Untuk 17 kategori ini pihak yang berhak, wajib melepaskan tanahnya setelah pemberian Ganti Kerugian atau berdasarkan putusan pengadilan yang telah memperoleh kekuatan hukum tetap.
Kategori kepentingan umum dalam pasal 10 itu diantaranya (a). pertahanan dan keamanan nasional; (b). jalan umum, jalan tol, terowongan, jalur kereta api, stasiun kereta api, dan fasilitas operasi kereta api;
(c). waduk, bendungan, bendung, irigasi, saluran air minum, saluran pembuangan air dan sanitasi, dan bangunan pengairan lainnya; (d). pelabuhan, bandar udara, dan terminal;
(e).infrastruktur minyak, gas, dan panas bumi; (f). pembangkit, transmisi, gardu, jaringan, dan distribusi tenaga listrik; (g). jaringan telekomunikasi dan informatika Pemerintah;
(h). tempat pembuangan dan pengolahan sampah; (i). rumah sakit Pemerintah/Pemerintah Daerah; (j). fasilitas keselamatan umum; (k). tempat pemakaman umum Pemerintah/Pemerintah Daerah;
(l). fasilitas sosial, fasilitas umum, dan ruang terbuka hijau publik; (m) cagar alam dan cagar budaya;kantor Pemerintah/Pemerintah Daerah/desa;
(n) penataan permukiman kumuh perkotaan dan/atau konsolidasi tanah, serta perumahan untuk masyarakat berpenghasilan rendah dengan status sewa;
(o) prasarana pendidikan atau sekolah Pemerintah/Pemerintah Daerah; (p) prasarana olahraga Pemerintah/Pemerintah Daerah; dan (q) pasar umum dan lapangan parkir umum.
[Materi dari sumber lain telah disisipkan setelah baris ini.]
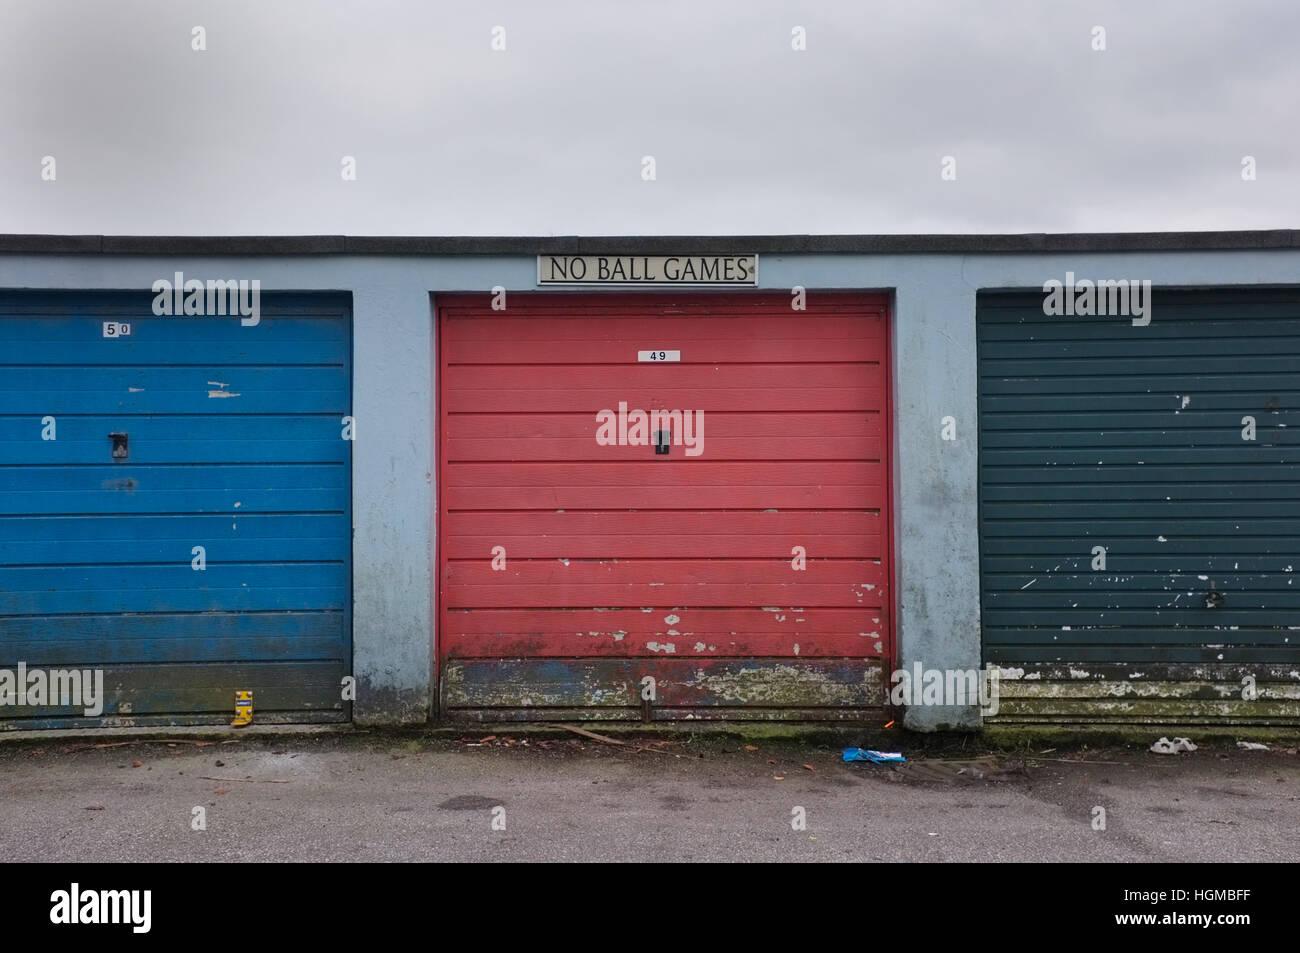 Cerradura para garajes Imagen De Stock

Kini 17 kategori kepentingan umum dalam pasal 10 UU nomor 2 tahun 2012 ini mengalami penambahan lagi empat kategori baru. Keempat kategori baru itu diatur dalam pasal 121 RUU Ciptra Kerja
Keempat kategori baru itu adalah kawasan industri minyak dan gas, kawasan ekonomi khusus, kawasan industri, kawasan pariwisata, dan kawasan lain yang diprakarsai atau dikuasai oleh pemerintah pusat, pemerintah daerah, BUMN dan BUMD.
Untuk empat kategori baru ini pihak yang berhak atas tanah, wajib melepaskan tanahnya setelah pemberian Ganti Kerugian atau berdasarkan putusan pengadilan yang telah memperoleh kekuatan hukum tetap.
Karena itu, seperti dilansir Kompas.com, Konsorsium Pembaruan Agraria (KPA) menyoroti penambahan empat kategori baru dalam kategori kepentingan umum yang sebelumnya diatur dalam pasal 10 UU nomor 2 tahun 2012
Sekretaris Jenderal KPA, Dewi Kartika, meyakini penambahan empat kategori baru dalam pasal 121 RUU Cipta Kerja akan memperparah konflik agaria, ketimpangan, perampasan dan penggusuran tanah masyarakat
Tambah lagi, kawasan lain yang belum diatur RUU Cipta Kerja akan ditetapkan dengan peraturan presiden. Dewi menilai, ketentuan tersebut dapat mempermudah proses alih fungsi lahan pertanian dan berpotensi merugikan para petani.
Proses alih fungsi lahan yang dipermudah, menurut Dewi, akan memperparah konflik agraria, ketimpangan kepemilikan lahan, praktik perampasan dan penggusuran tanah.
Lewat RUU Cipta Kerja, pemerintah memperluas definisi kepentingan umum dengan menambahkan kepentingan investor pertambangan, pariwisata, industri dan kawasan ekonomi khusus (KEK)
Aktivis wanita ini menekankan, pengadaan tanah tidak dapat dilihat sebatas proses penyediaan tanah bagi pembangunan proyek infrastruktur atau industri semata.
Pemerintah harus juga memperhitungkan dampak sistemik terkait degradasi ekonomi, sosial dan budaya pada lokasi yang menjadi obyek pengadaan tanah serta masyarakat.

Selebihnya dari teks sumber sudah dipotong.